(Exercise inputs Opens)
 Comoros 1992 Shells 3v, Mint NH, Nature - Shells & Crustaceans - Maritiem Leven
(Exercise inputs Closes)
(Exercise inputs Opens)
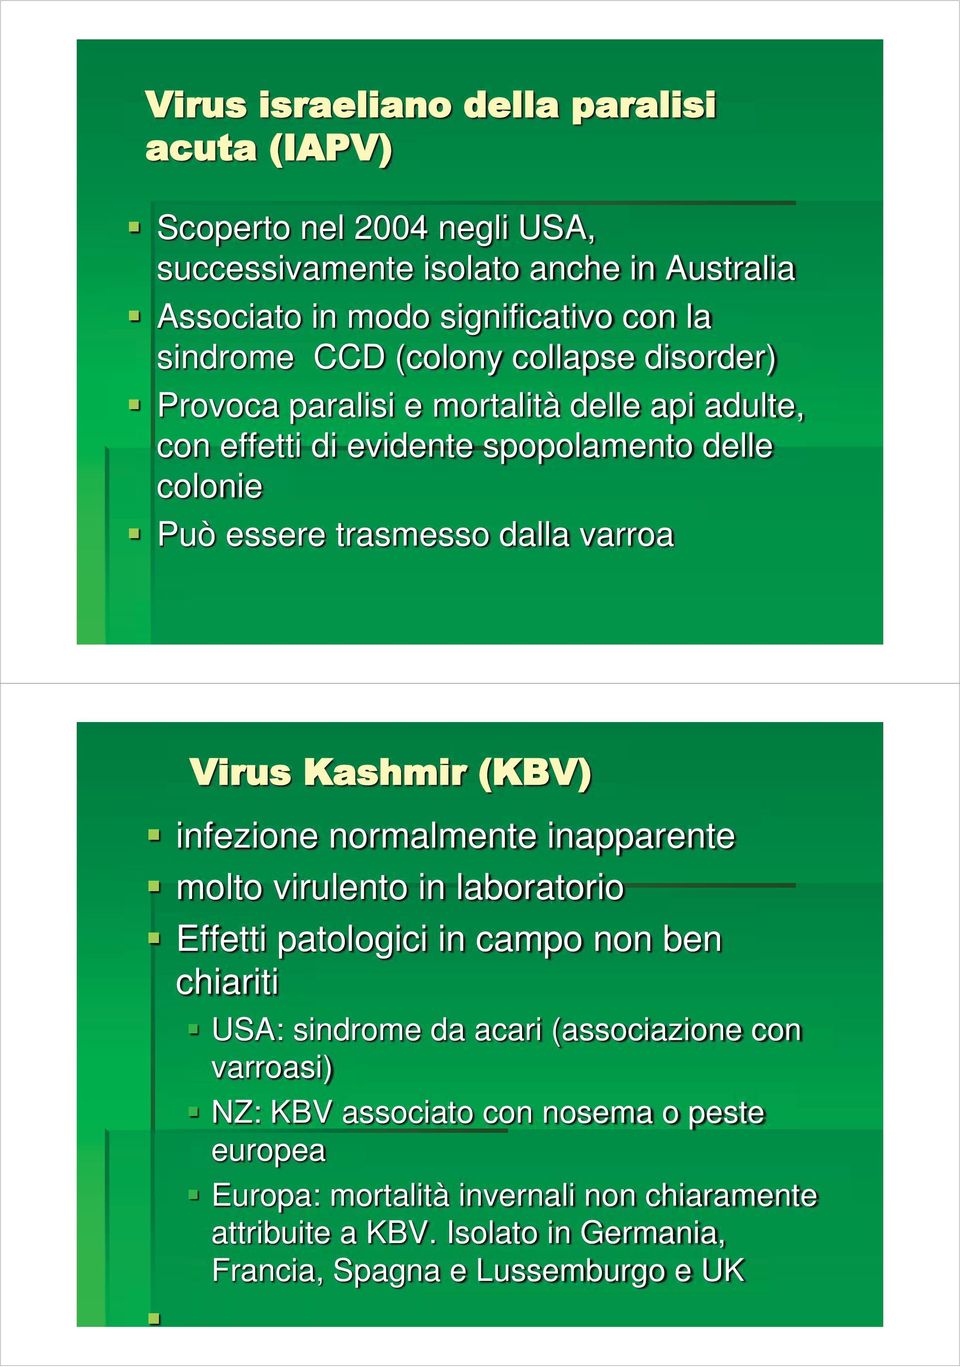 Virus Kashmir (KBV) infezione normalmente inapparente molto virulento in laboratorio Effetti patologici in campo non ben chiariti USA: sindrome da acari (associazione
(Exercise inputs Closes)
(Exercise inputs Opens)
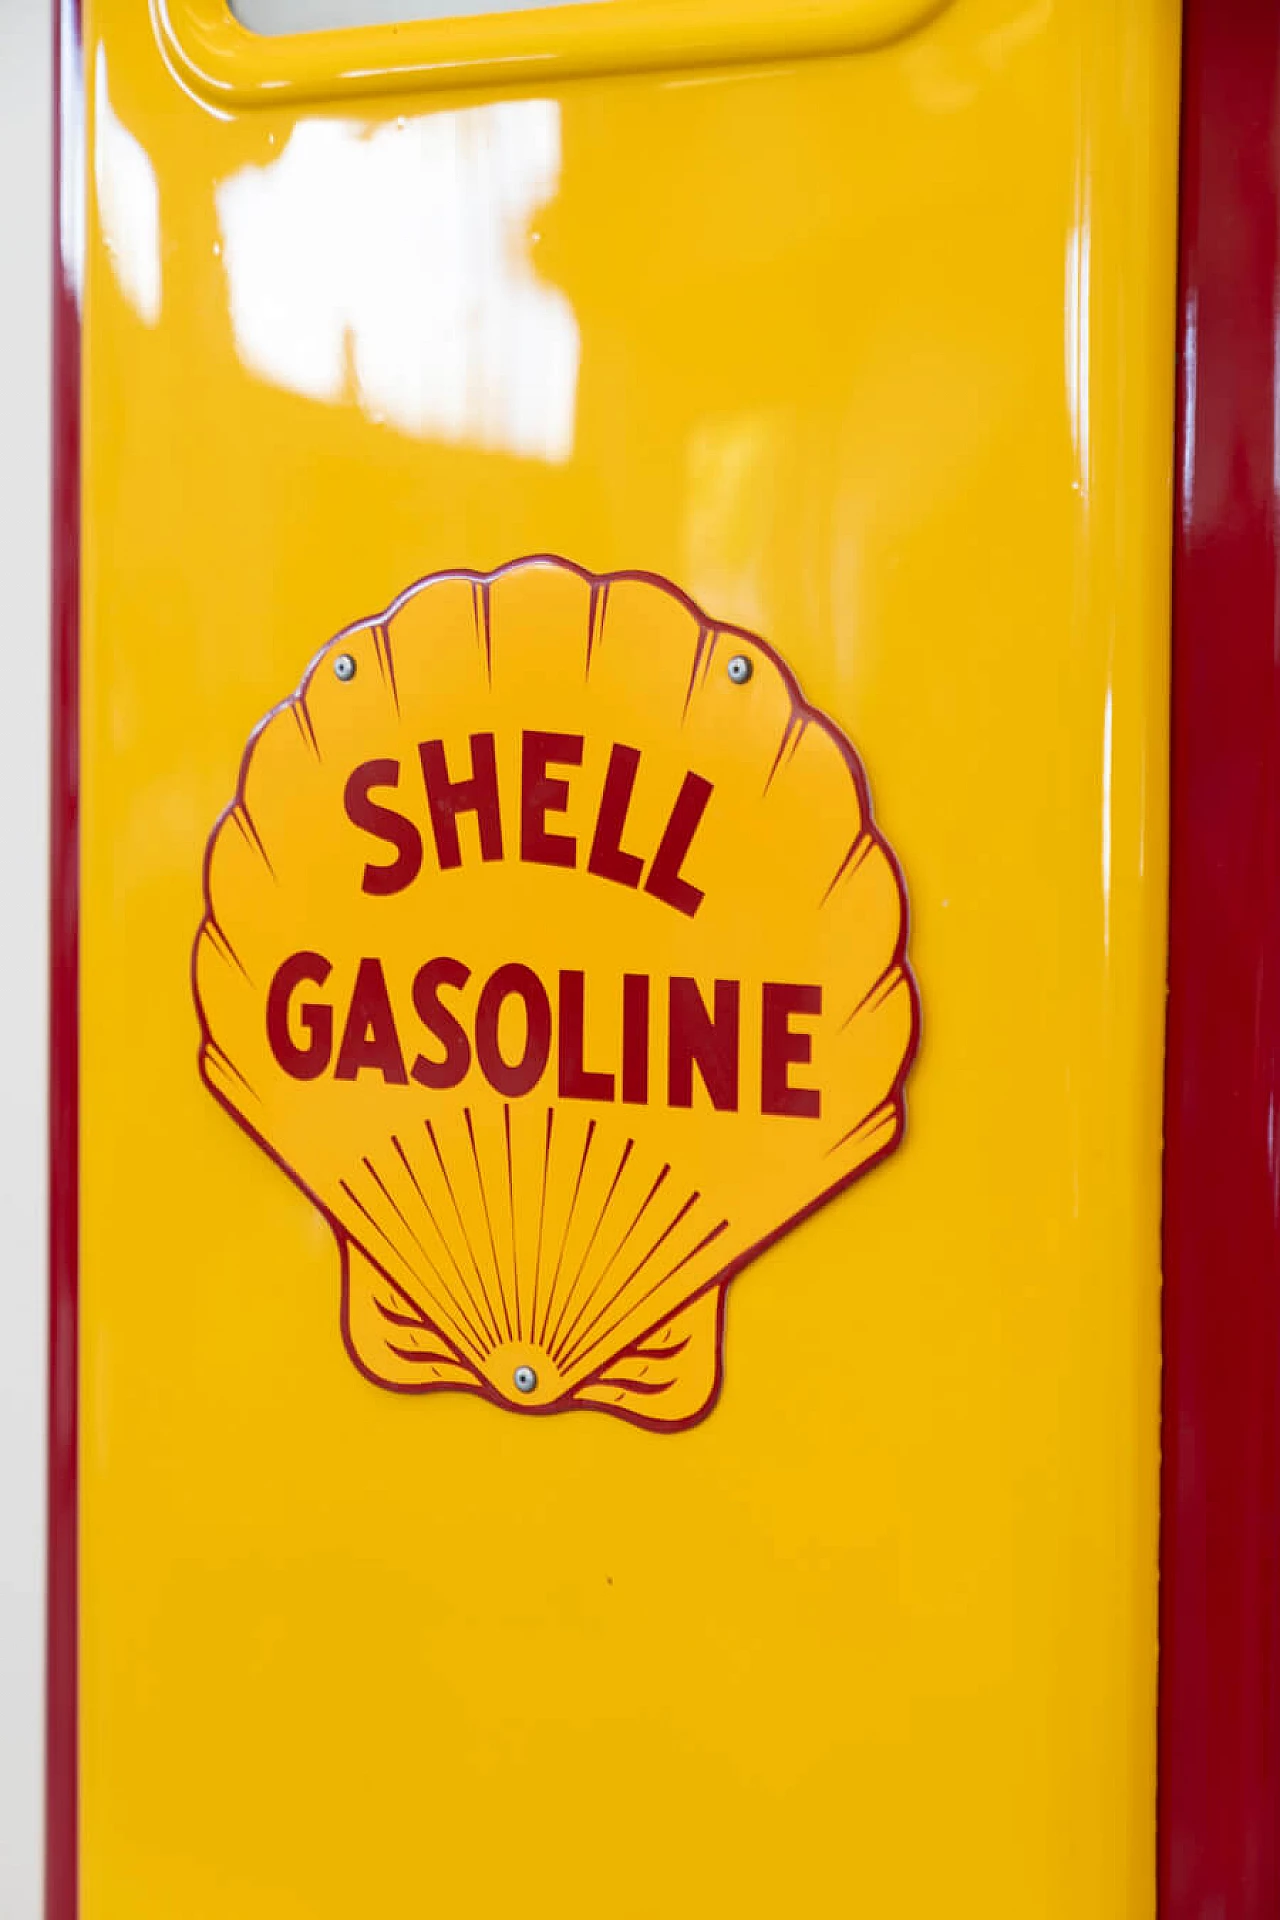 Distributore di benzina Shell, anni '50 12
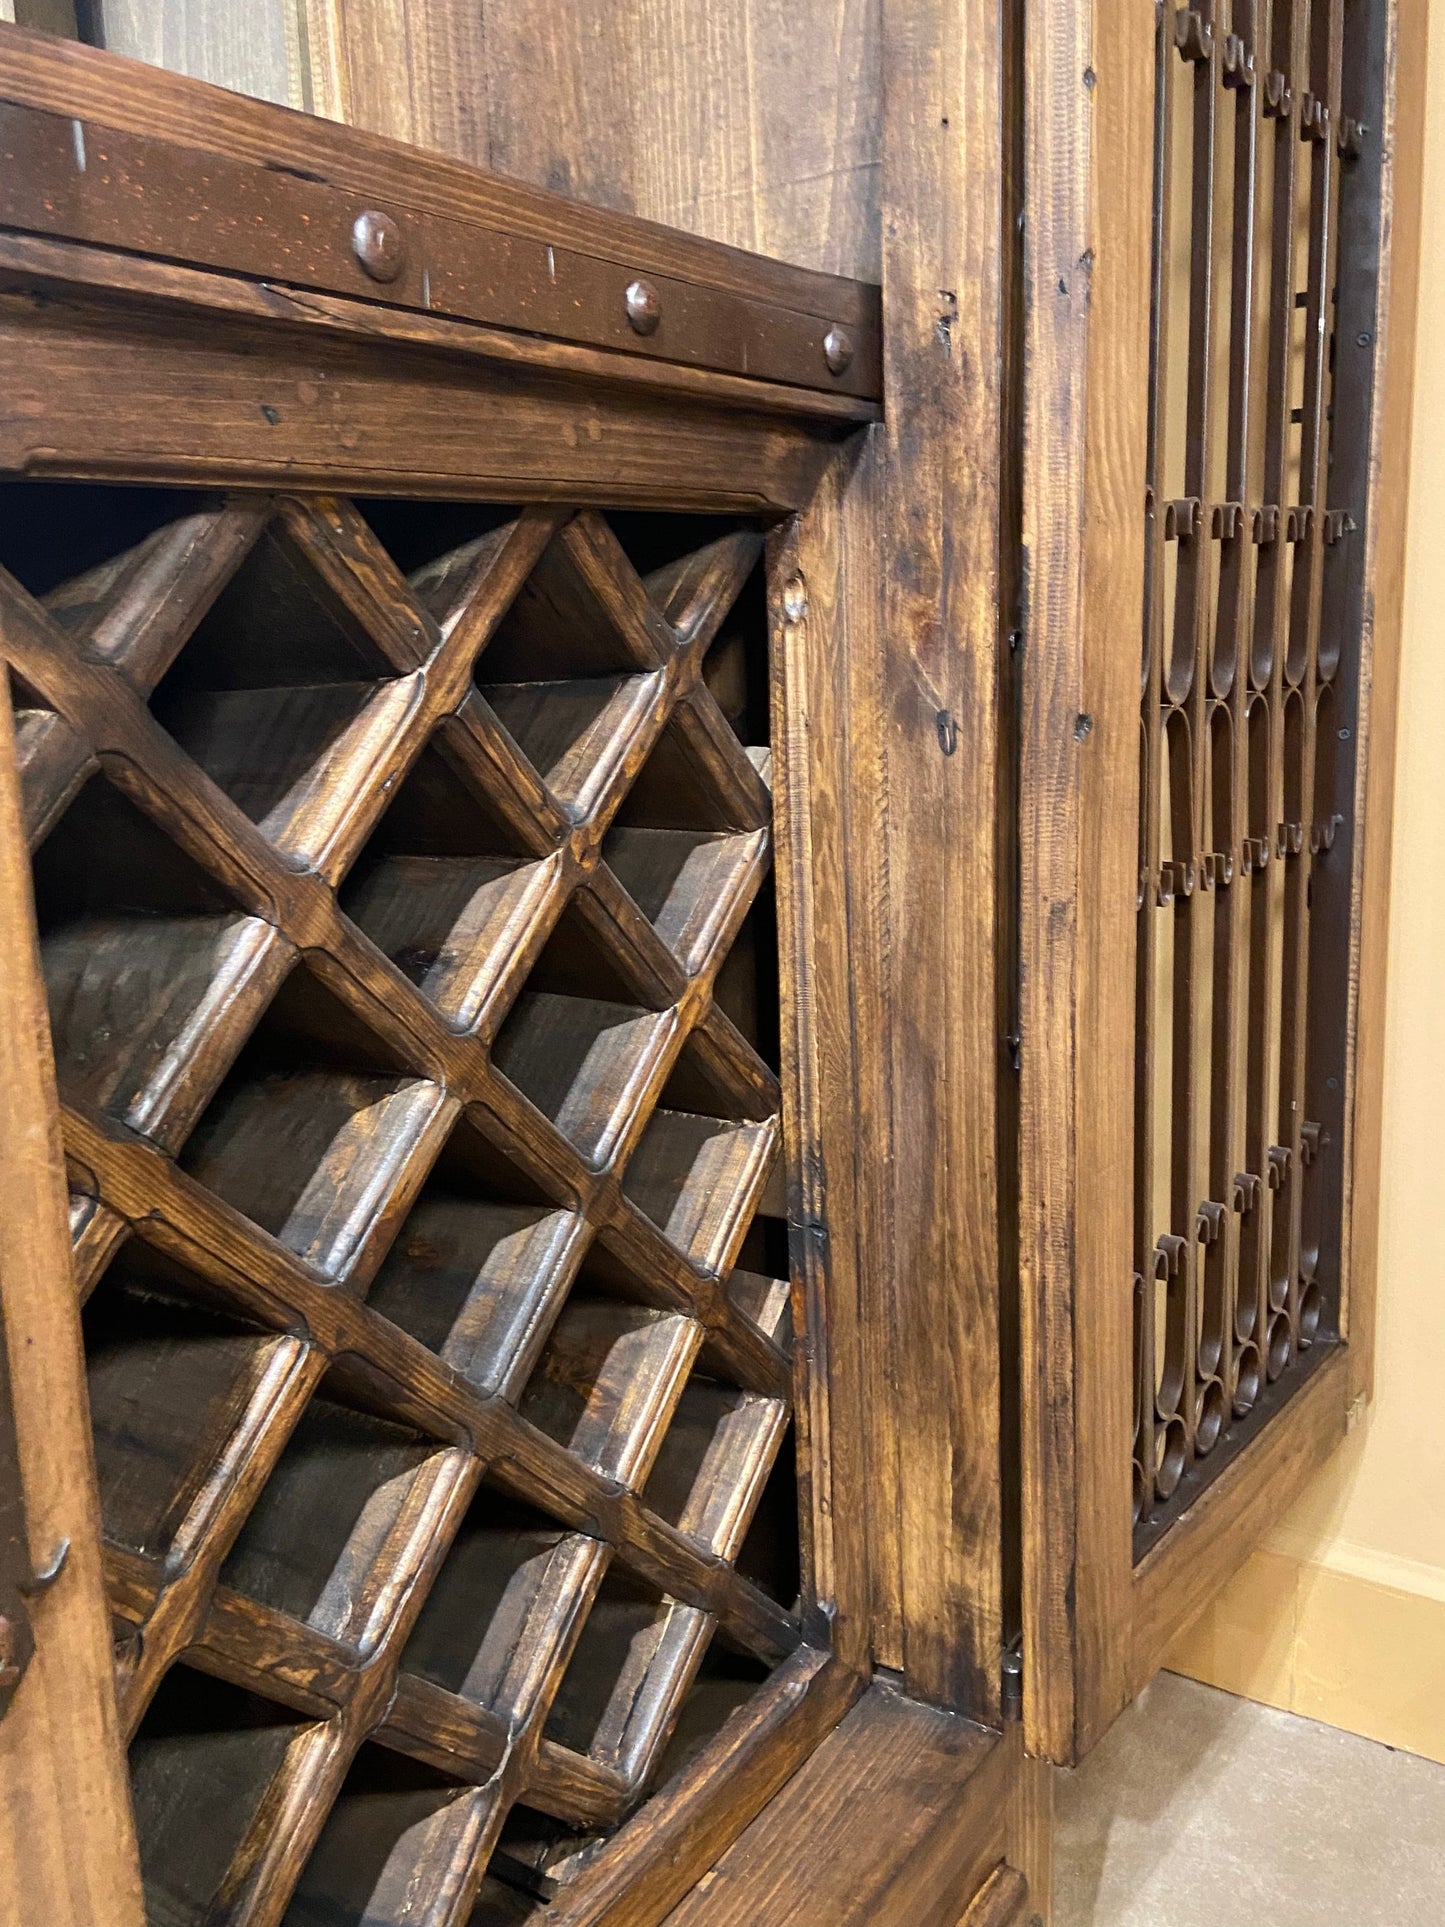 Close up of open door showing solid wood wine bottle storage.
(Exercise inputs Closes)
[Description of the task]
Could you repeat, exactly, only the lines above starting at the one that has "Distributore di benzina Shell, anni '50 12" and stopping after the one that has "Close up of", without the pictures?

[Response to the exercise]
 Distributore di benzina Shell, anni '50 12
 Close up of open door showing solid wood wine bottle storage.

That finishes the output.